A 95-year-old German man living in Tennessee, who was still collecting his military pension from his time as a WWII Nazi concentration guard, was removed from the United States in the 70th such deportation in American history.
Friedrich Karl Berger was deported Friday, a year after a court ordered him removed for his work in 1945 as an armed guard in a Neuengamme concentration camp near Meppen, Germany.
“Berger’s removal demonstrates the Department of Justice’s and its law enforcement partners’ commitment to ensuring that the United States is not a safe haven for those who have participated in Nazi crimes against humanity and other human rights abuses,” Acting Attorney General Monty Wilkinson said. “The Department marshaled evidence that our Human Rights and Special Prosecutions Section found in archives here and in Europe, including records of the historic trial at Nuremberg of the most notorious former leaders of the defeated Nazi regime.
"In this year in which we mark the 75th anniversary of the Nuremberg convictions, this case shows that the passage even of many decades will not deter the Department from pursuing justice on behalf of the victims of Nazi crimes,” he added.
A judge ruled in February 2020 after a two-day trial that Meppen prisoners were held in winter 1945 in “atrocious” conditions and were exploited for outdoor forced labor. Berger admitted that he guarded the prisoners to prevent them from escaping during their dawn-to-dusk workday, on their way to worksites and on their way back to a Nazi-run subcamp in the evening, the Justice Department said.

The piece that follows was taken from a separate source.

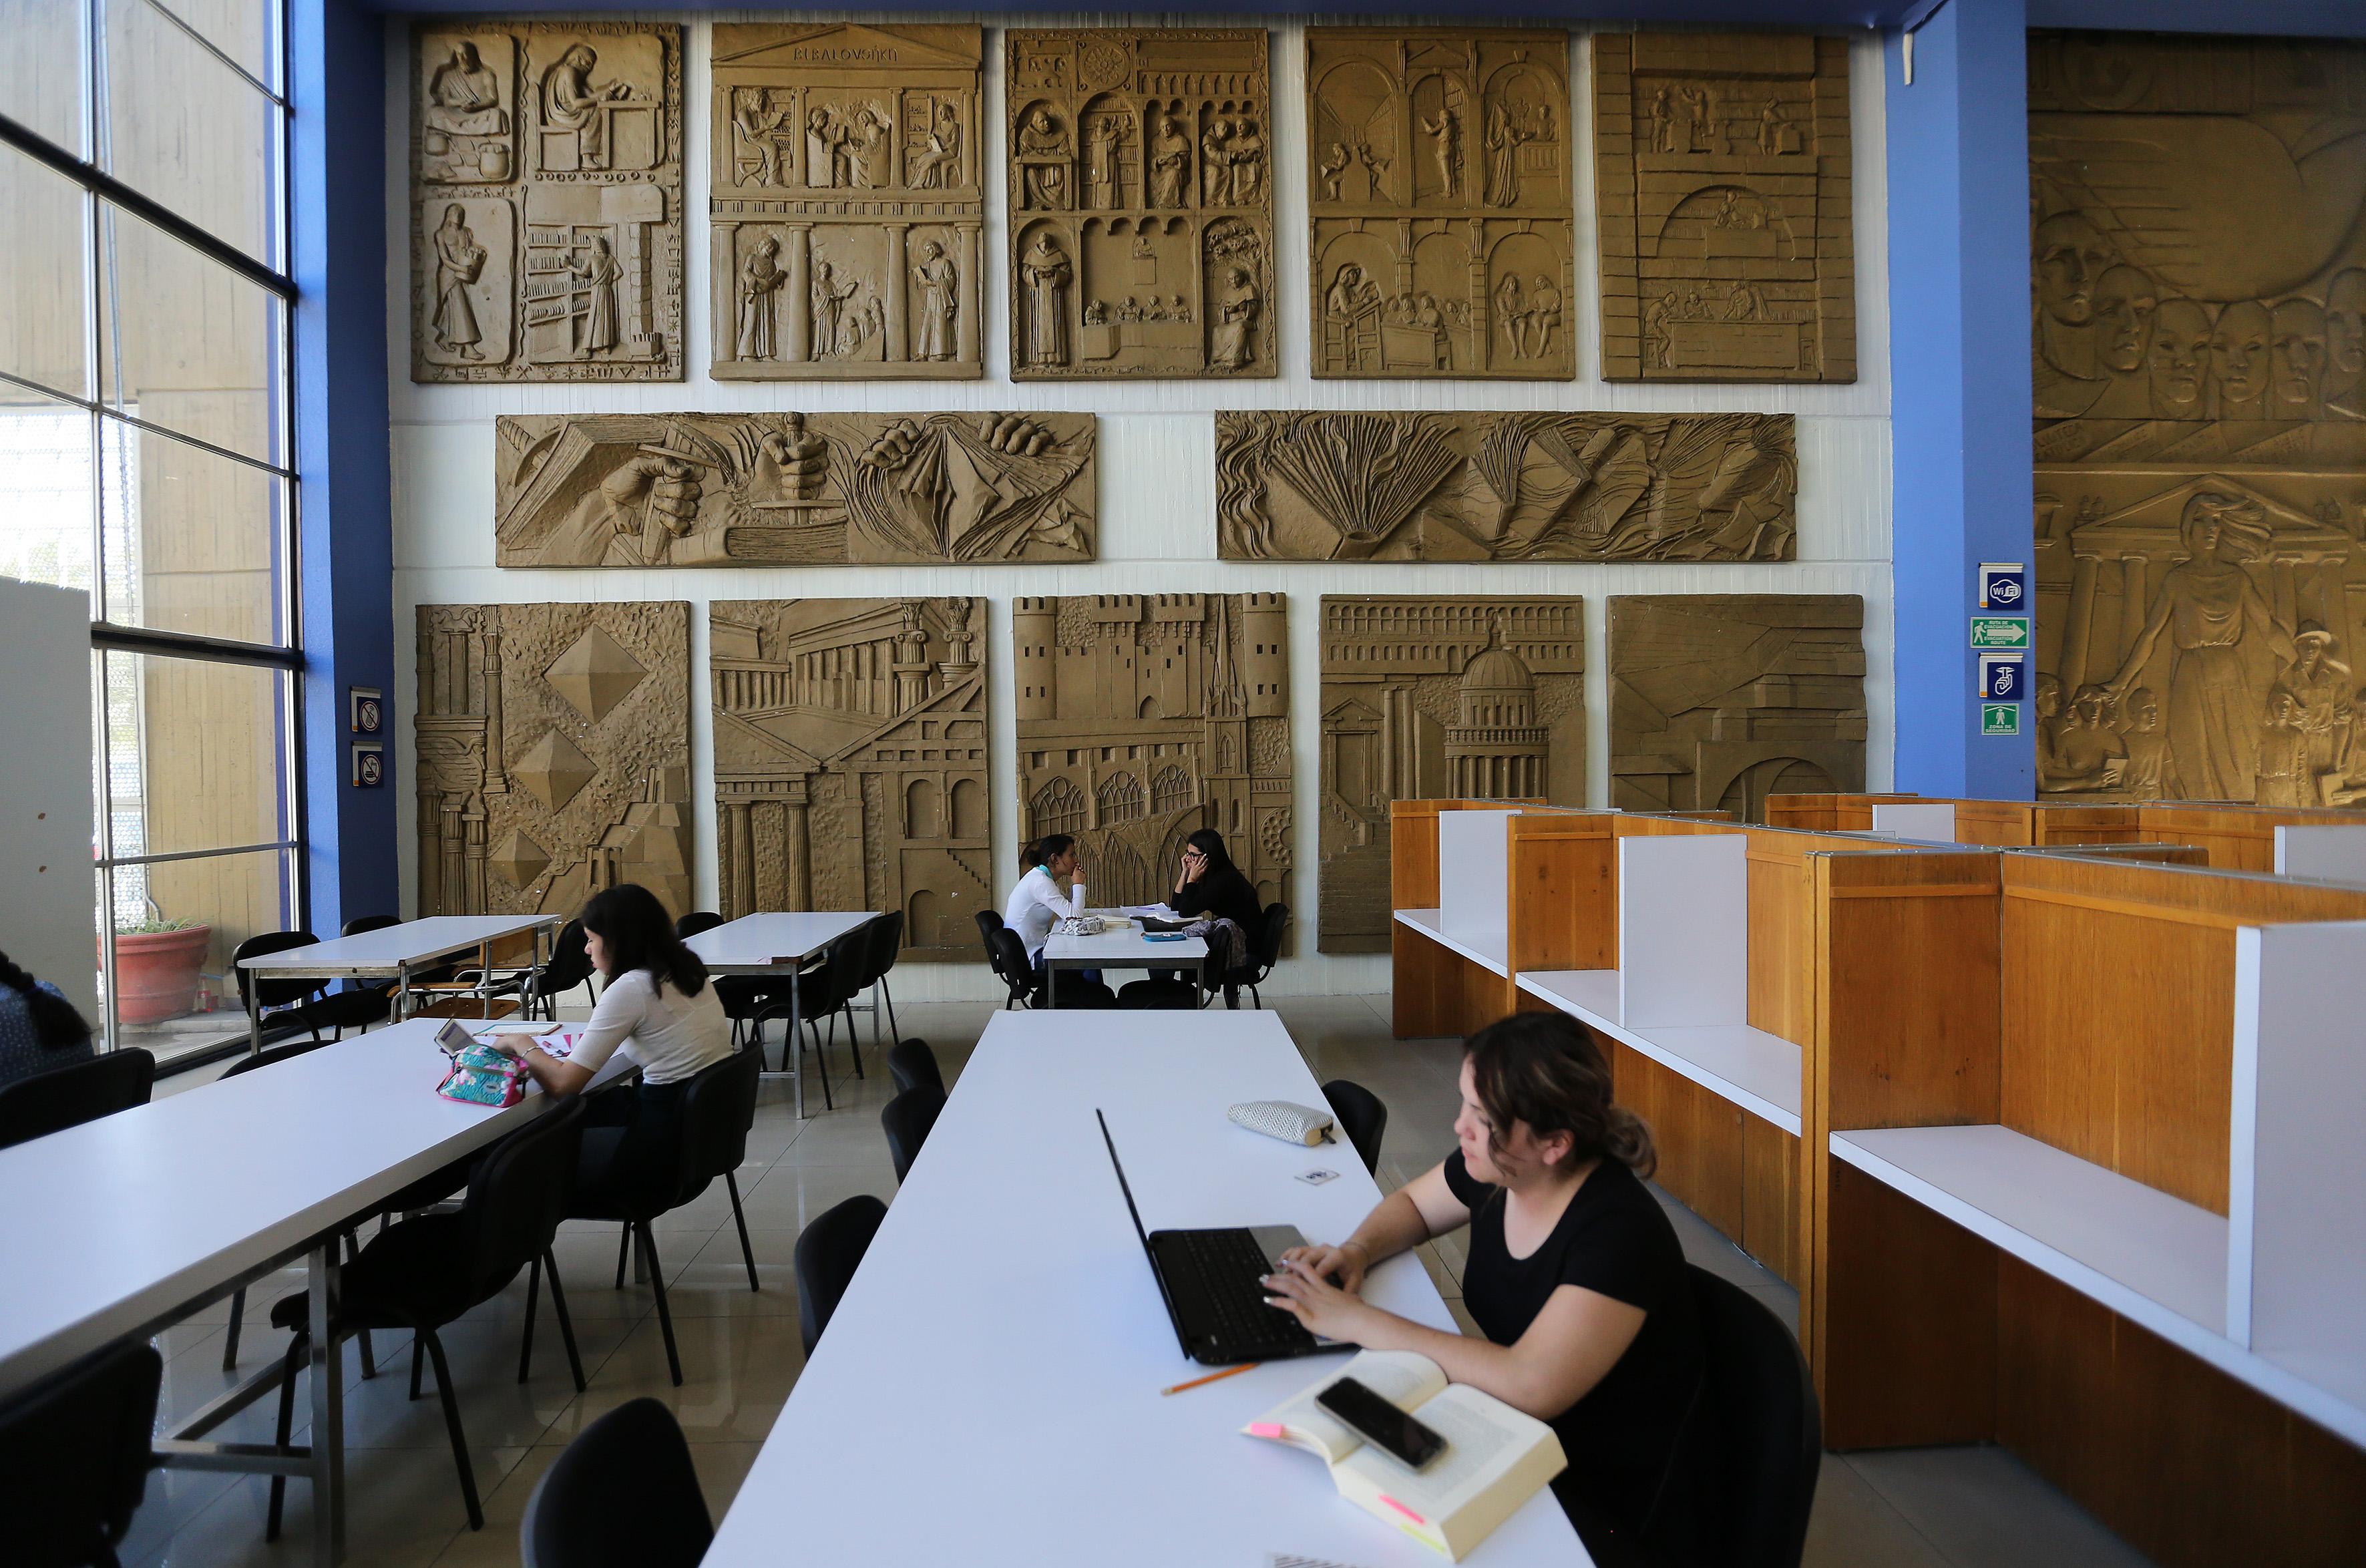 Alumnos utilizando las instalaciones de la  Biblioteca Manuel Rodríguez Lapuente del Centro Universitario de Ciencias Sociales y Humanidades (CUCSH) de la Universidad de Guadalajara (UdeG), sede La Normal
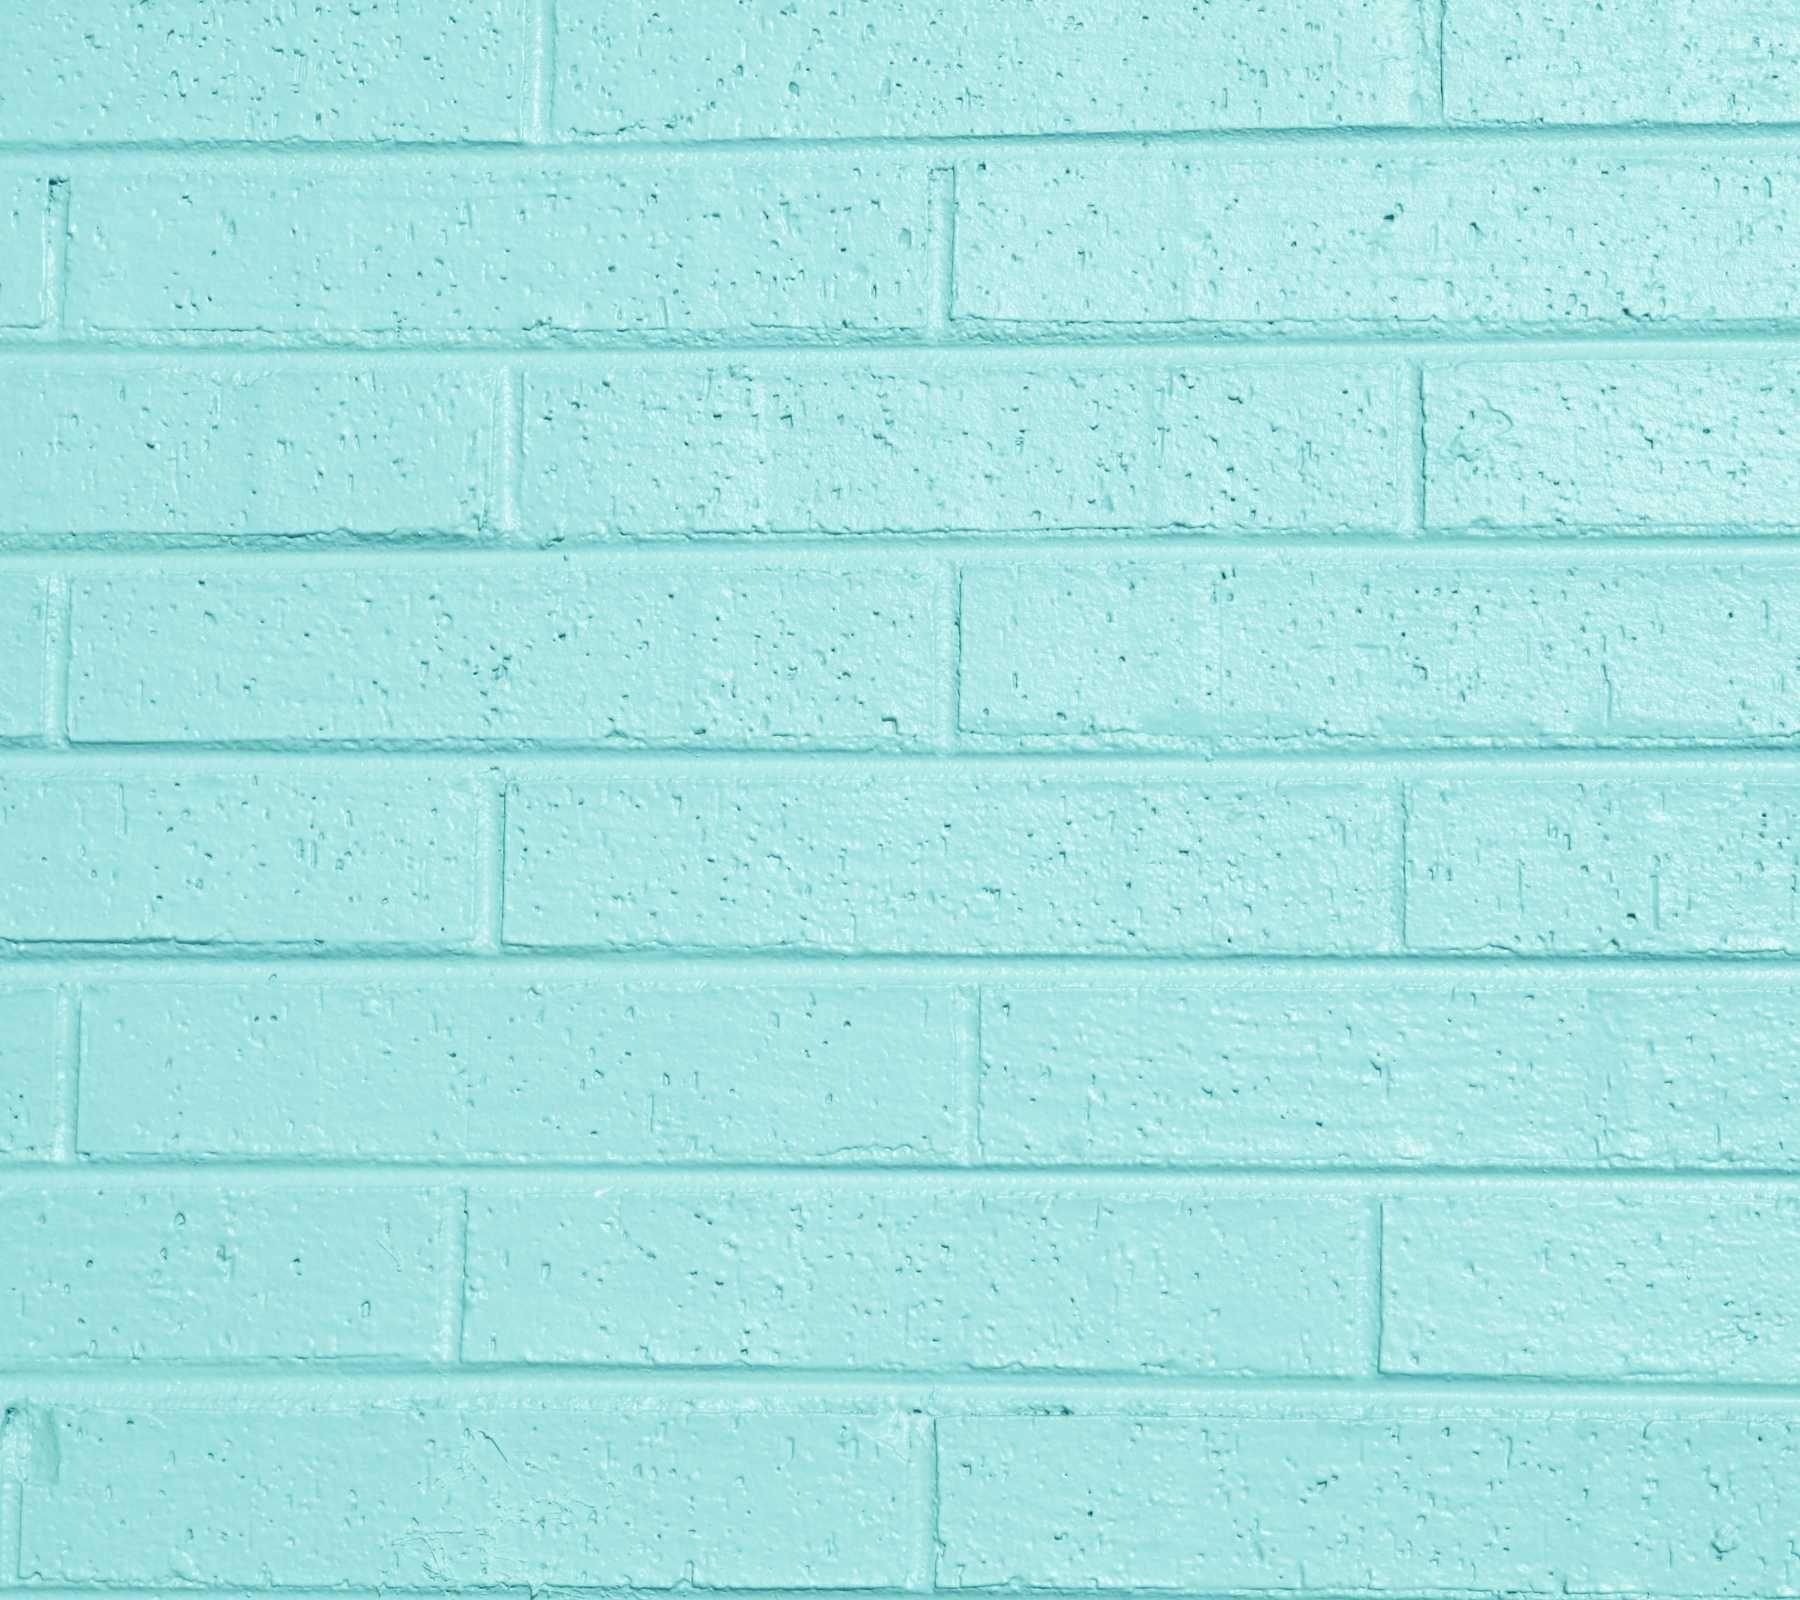 Aqua Color Wallpaper 2 Jpg 1800 1600 Hijau Mint Hijau Warna

Last November, the Board of Immigration Appeals upheld an immigration judge's Feb. 28, 2020 order from the United States because he engaged “willing service as an armed guard of prisoners at a concentration camp where persecution took place.”
The court concluded Berger served at a Neuengamme sub-camp near Meppen, where the prisoners included “Jews, Poles, Russians, Danes, Dutch, Latvians, French, Italians, and political opponents” of the Nazis, and helped guard the prisoners during a forcible evacuation to the Neuengamme main camp. Prosecutors said the nearly two-week trip under inhumane conditions claimed the lives of approximately 70 prisoners.
The court's order noted that Berger admitted he never requested a transfer from concentration camp guard service and that he continues to receive a pension as a German worker, “including his wartime service.”